In the above example, we use commitSync to mark all messages; in some cases, we may want to have more precise control over offset, so in the following example, we can control the submission of offset separately in each partition.

Try {while (running) {ConsumerRecords records = consumer.poll (Long.MAX_VALUE); for (TopicPartition partition: records.partitions ()) {List partitionRecords = records.records (partition); for (ConsumerRecord record: partitionRecords) {System.out.println (record.offset () + ":" + record.value ()) } long lastOffset = partitionRecords.get (partitionRecords.size ()-1). Offset (); consumer.commitSync (Collections.singletonMap (partition, new OffsetAndMetadata (lastOffset + 1));} finally {consumer.close ();}

Note: the offset submitted should be next message, so the submission needs to be + 1. 1 based on the current last item.

Manual Partition Assignment

Manual partition assignment

In the previous example, we subscribed to a topic and then asked kafka to fairly distribute the different partitions in the topic within a consumer group. So, in some cases, we want to be able to specify the allocation relationship of the partitions.

If a process manages the state related to partition locally, it only needs to get the partition associated with it.

If a process itself has high availability, there is no need for kafka to detect errors and reassign partition, because the consumer process will restart on another device.

To use this mode, you can use the assign method instead of subscribe, specifying a partitions list.

String topic = "foo"; TopicPartition partition0 = new TopicPartition (topic, 0); TopicPartition partition1 = new TopicPartition (topic, 1); consumer.assign (Arrays.asList (partition0, partition1))

Once allocated, you can call poll in the loop to consume the message, as in the previous example. Manual partition allocation does not require group coordination, so when the consumption process fails, it does not trigger the reallocation of partition, and each consumer works independently, even if it belongs to the same group as other consumers.

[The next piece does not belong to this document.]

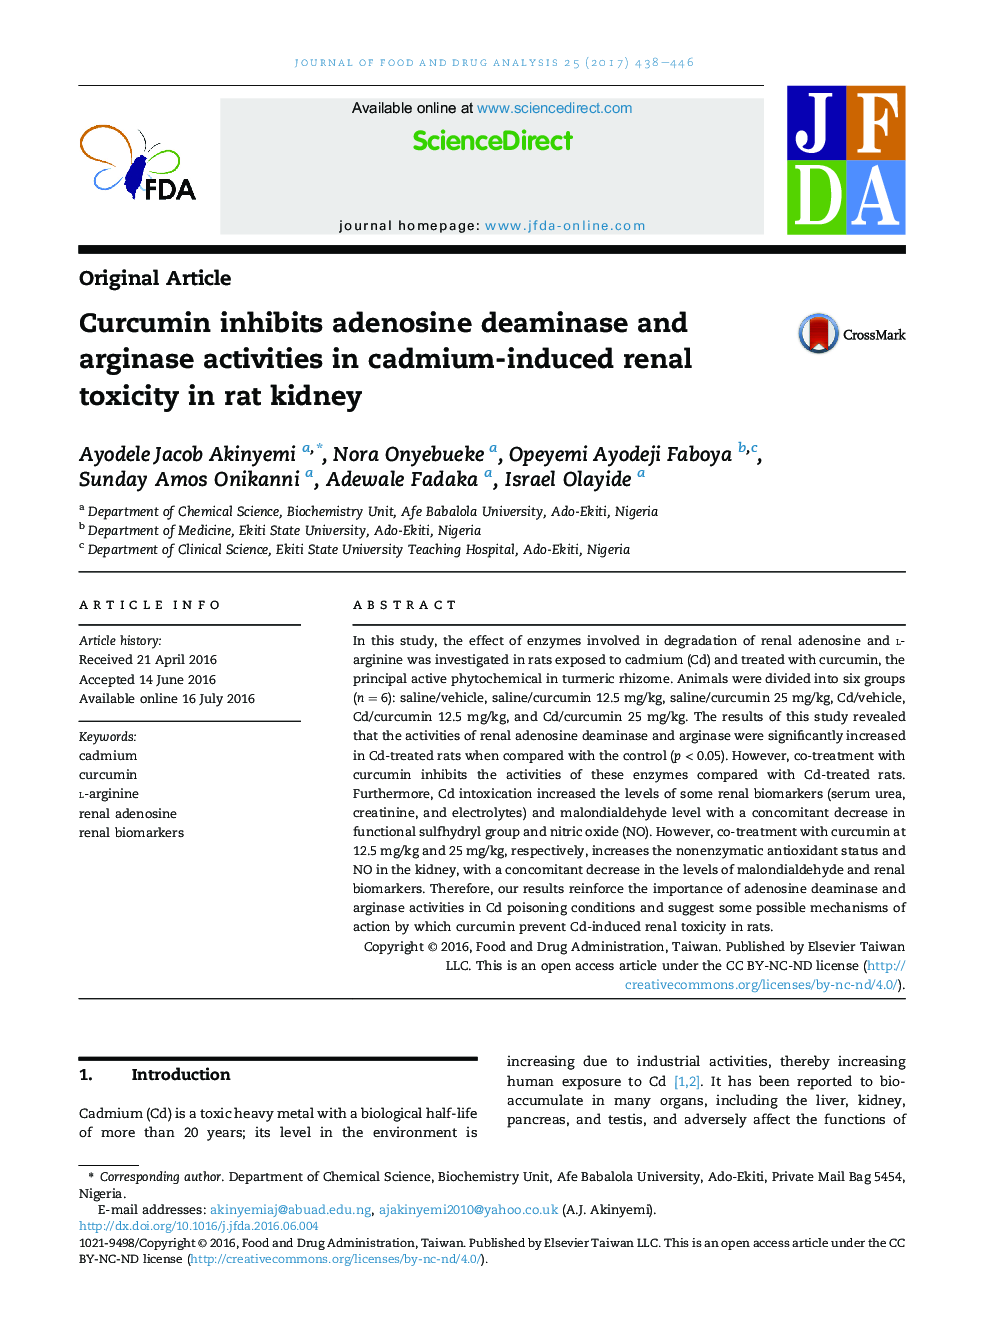 Curcumin inhibits adenosine deaminase and arginase activities in cadmium-induced renal toxicity in rat kidney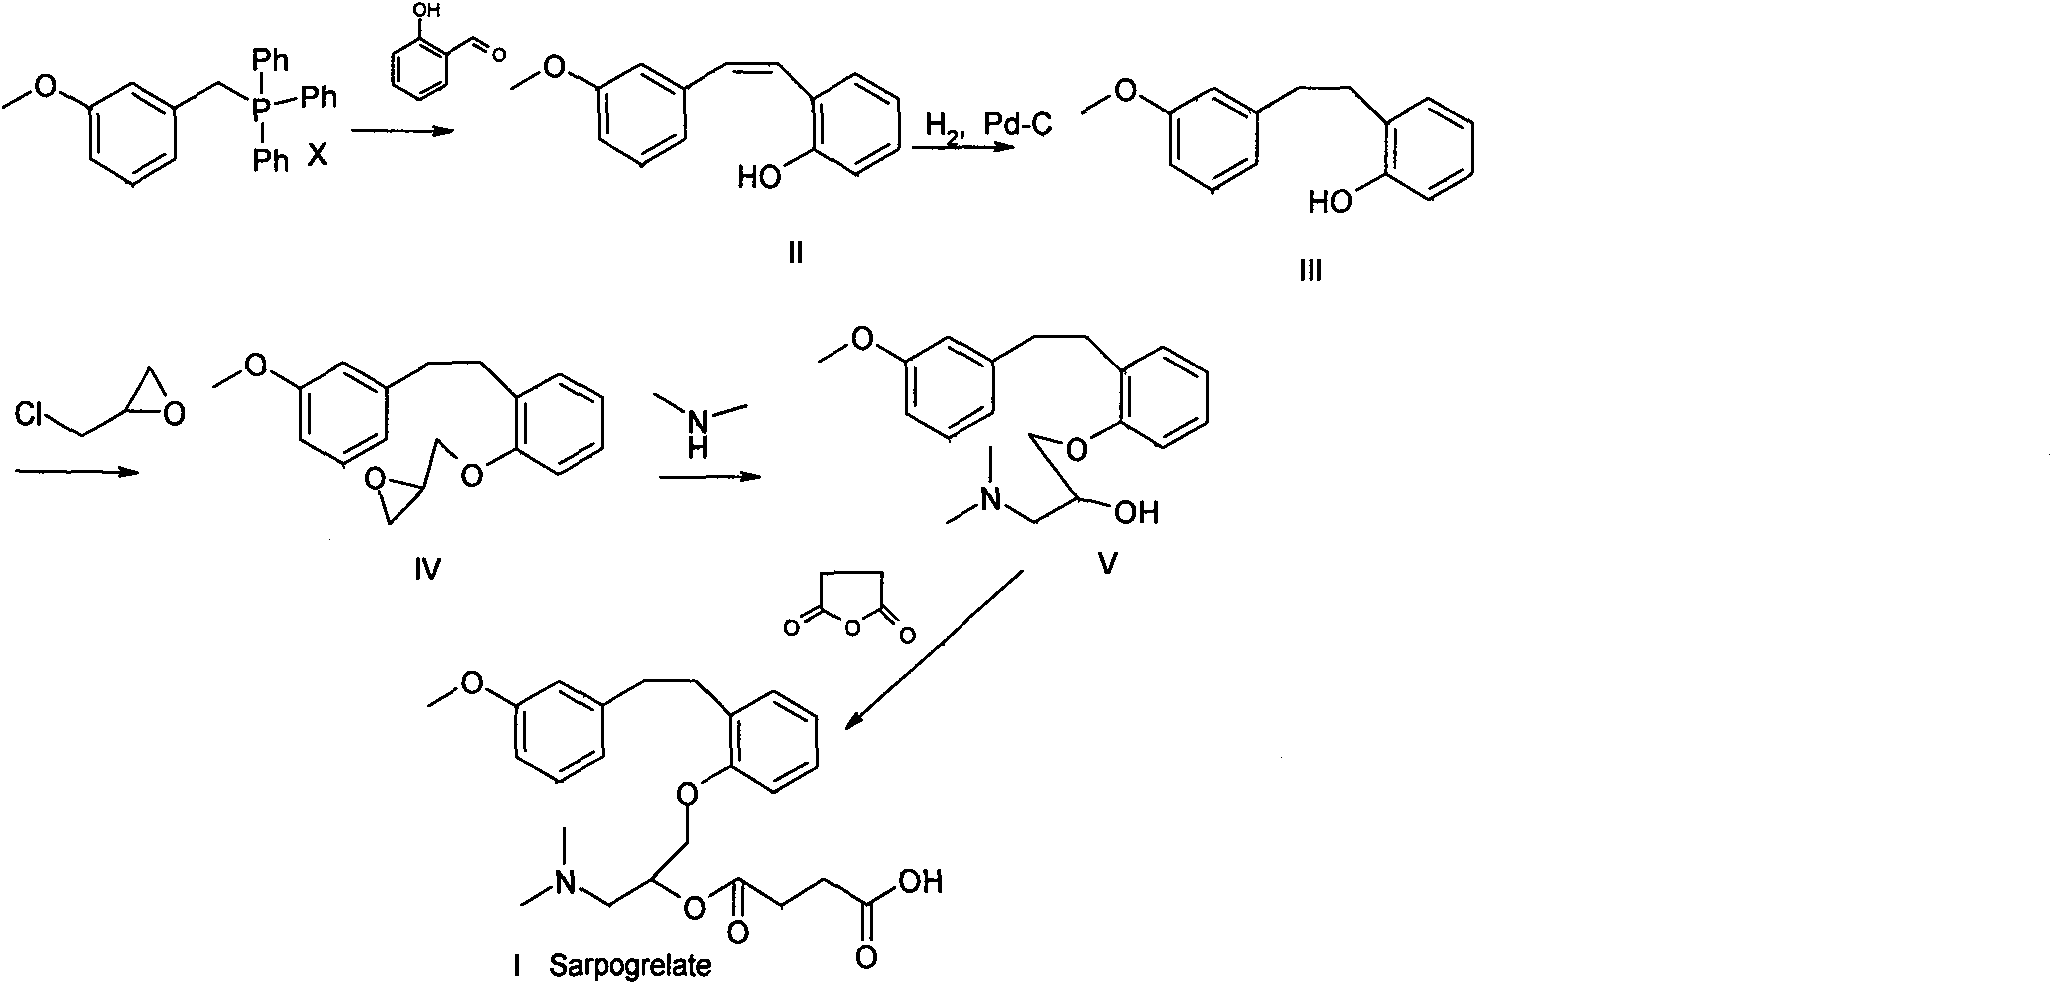 Method for preparing sarpogrelate hydrochloride

In order to avoid offset submission conflicts, in this case, we usually need to ensure that each consumer uses its own group id.

It should be noted that manual partition allocation and dynamic partition allocation through subscribe cannot be mixed.

At this point, the study on "how to use kafka consumer" is over. I hope to be able to solve your doubts. The collocation of theory and practice can better help you learn, go and try it! If you want to continue to learn more related knowledge, please continue to follow the website, the editor will continue to work hard to bring you more practical articles!

Welcome to subscribe "Shulou Technology Information " to get latest news, interesting things and hot topics in the IT industry, and controls the hottest and latest Internet news, technology news and IT industry trends.

*The comments in the above article only represent the author's personal views and do not represent the views and positions of this website. If you have more insights, please feel free to contribute and share.